Your instructions: Look below for the line that contains "Band ring in", and write out exactly that line and all remaining lines of the listing, omitting pictures.

Given information:
"""
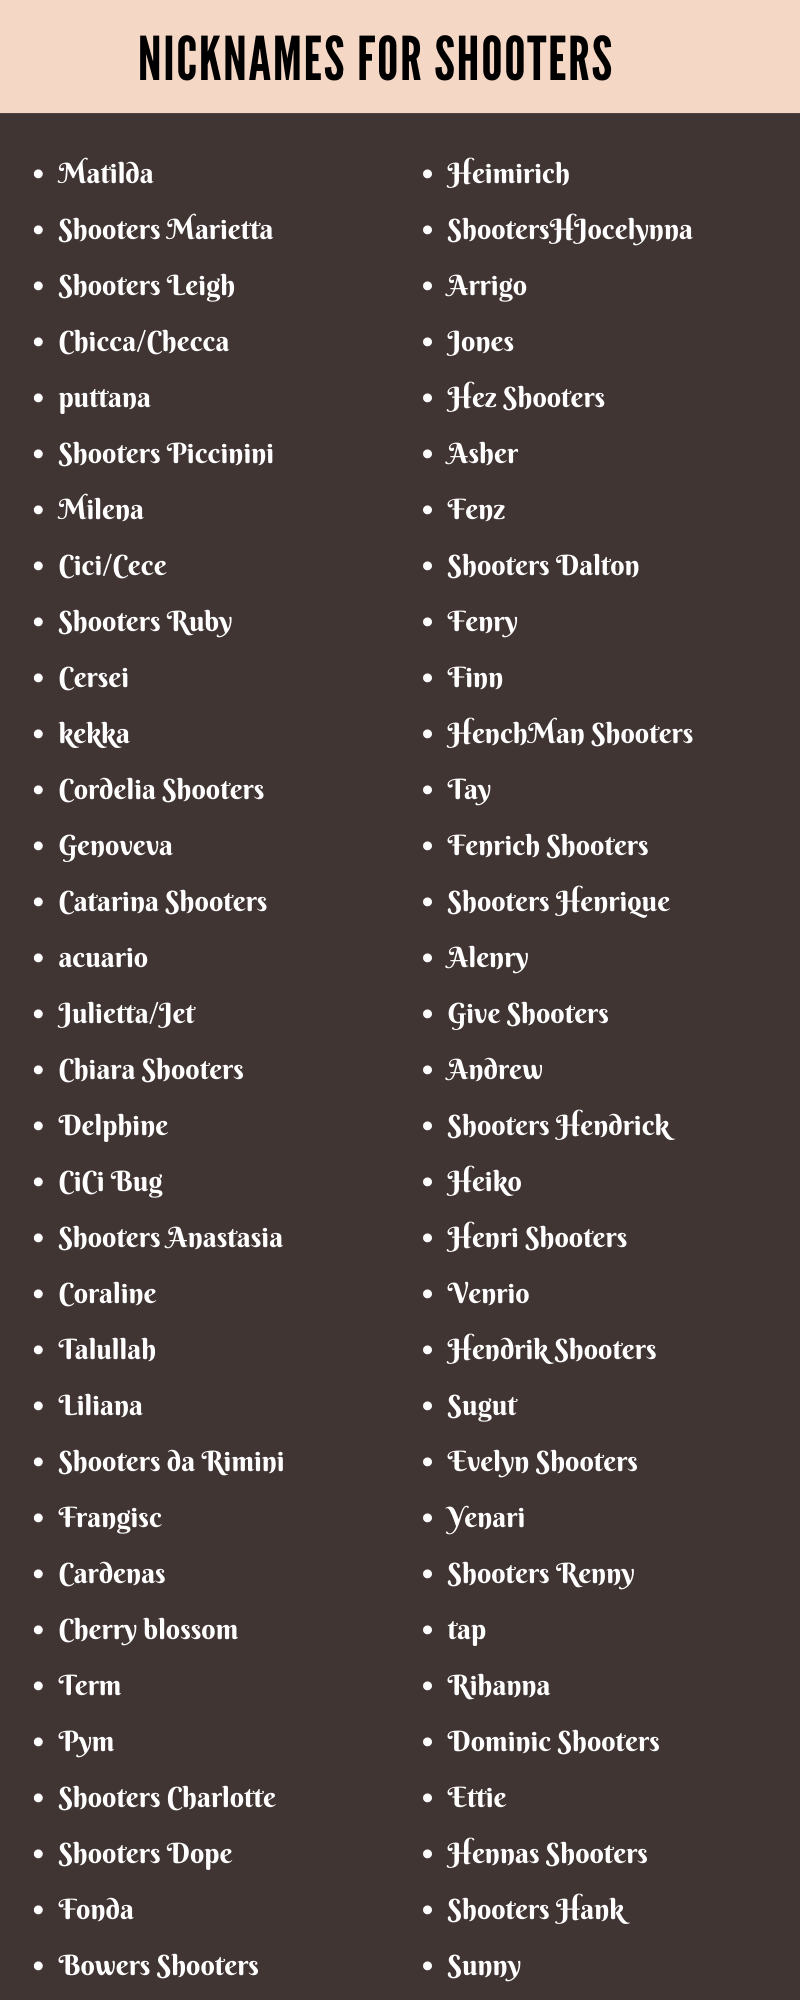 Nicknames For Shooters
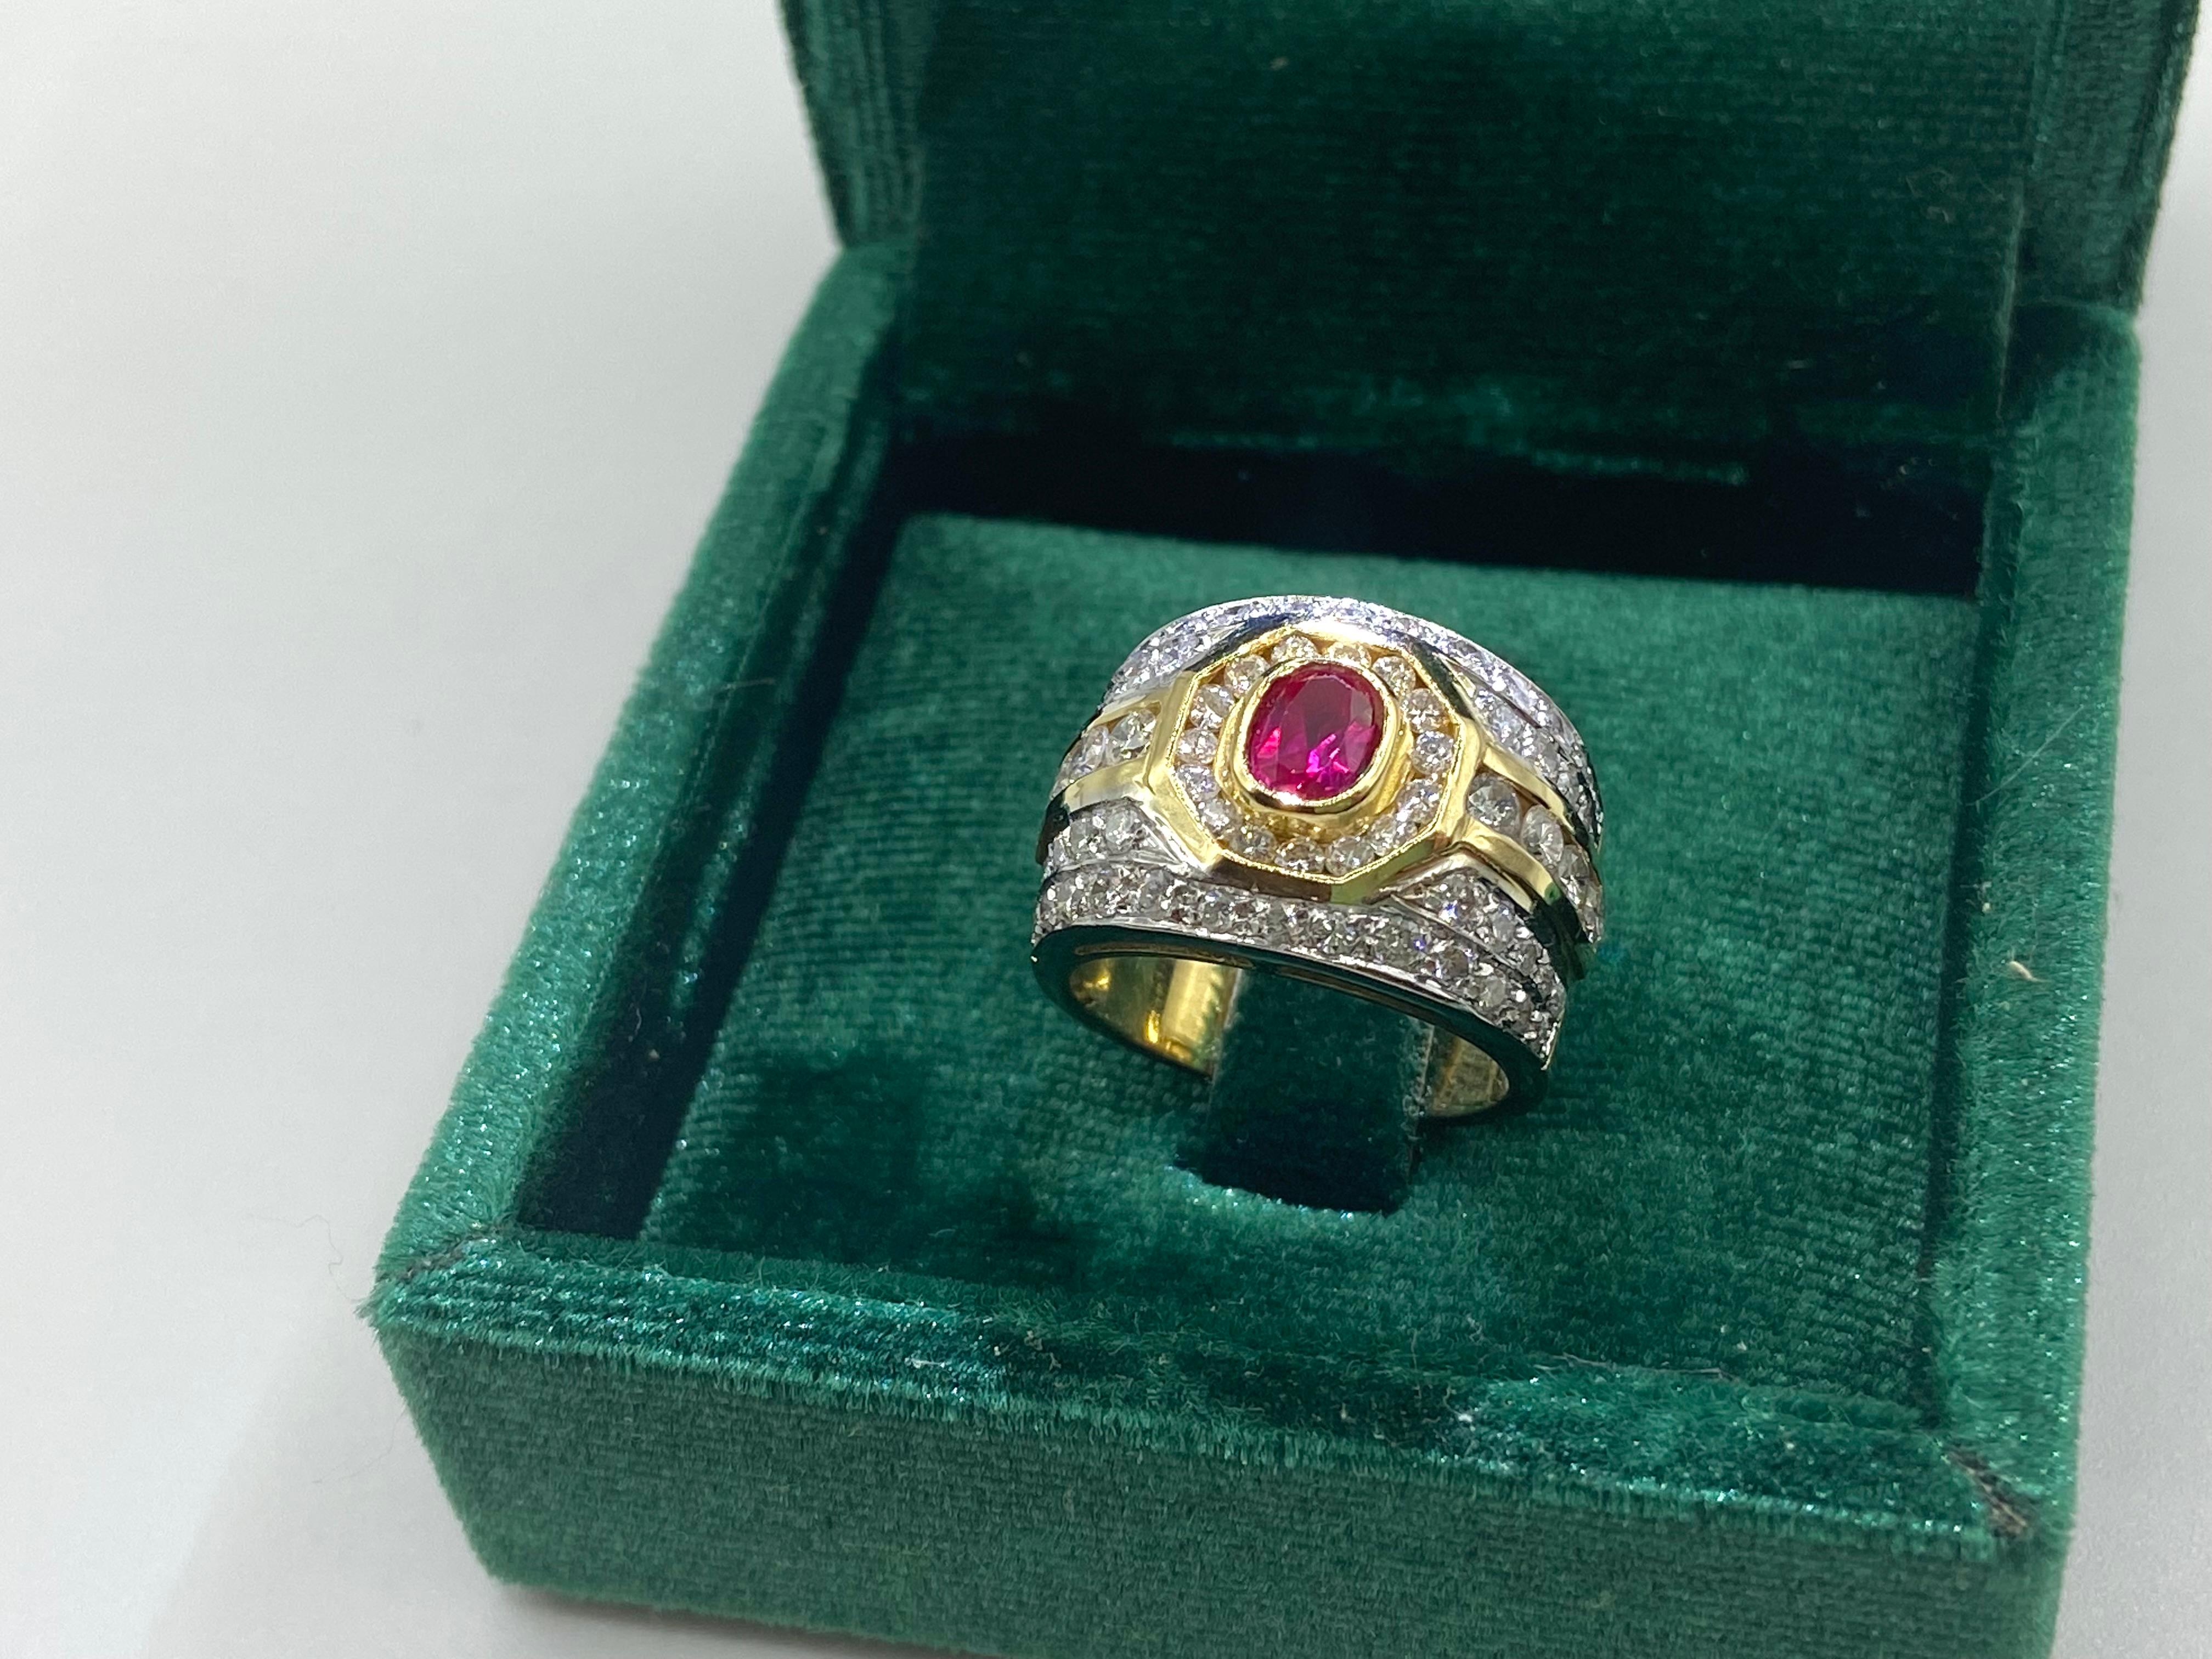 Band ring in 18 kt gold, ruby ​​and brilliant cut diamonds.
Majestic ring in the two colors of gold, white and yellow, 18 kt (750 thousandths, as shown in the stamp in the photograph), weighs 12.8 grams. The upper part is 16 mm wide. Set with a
"""
Response for this exercise:
 Band ring in 18 kt gold, ruby ​​and brilliant cut diamonds.
Majestic ring in the two colors of gold, white and yellow, 18 kt (750 thousandths, as shown in the stamp in the photograph), weighs 12.8 grams. The upper part is 16 mm wide. Set with a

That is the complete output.